Third, and most broadly, RELOS illustrates a pattern now characteristic of South Asian strategic competition: the bilateralisation of security architecture as a substitute for failing multilateral frameworks. Rather than relying on institutions, India is assembling a network of bilateral logistics agreements that preserves operational flexibility without formal alliance commitments. The ORF has noted that for India, the priority is ensuring  that any agreement solidifying its partnership with Moscow does not disrupt progress in other relationships, a formulation that captures the essential tension precisely.
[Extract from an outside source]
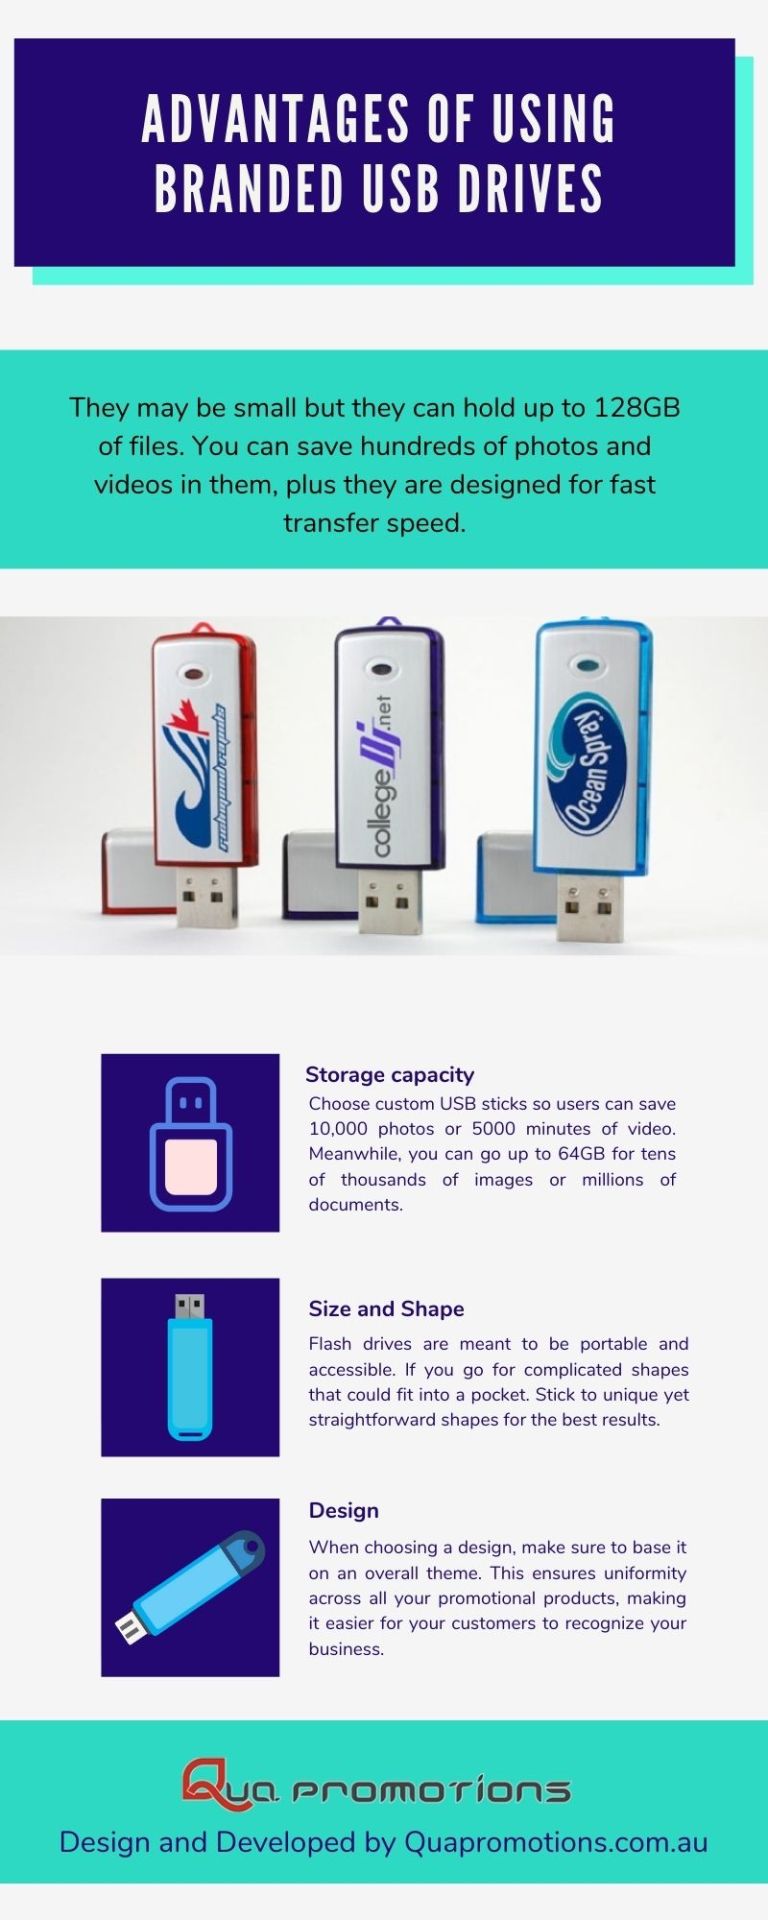 Advantages of using branded USB drives

Managing that tension, rather than resolving it, is the defining characteristic of India’s current strategic posture.

RELOS is, in the end, less a story about India and Russia than about how a major power navigates compounding pressures, sanctions exposure, great-power rivalry, energy insecurity, and expanding strategic ambition without foreclosing options. Whether that navigation remains sustainable depends on how much further the external pressure environment tightens, and whether the institutional habits generated by RELOS eventually constrain the very flexibility they were designed to preserve.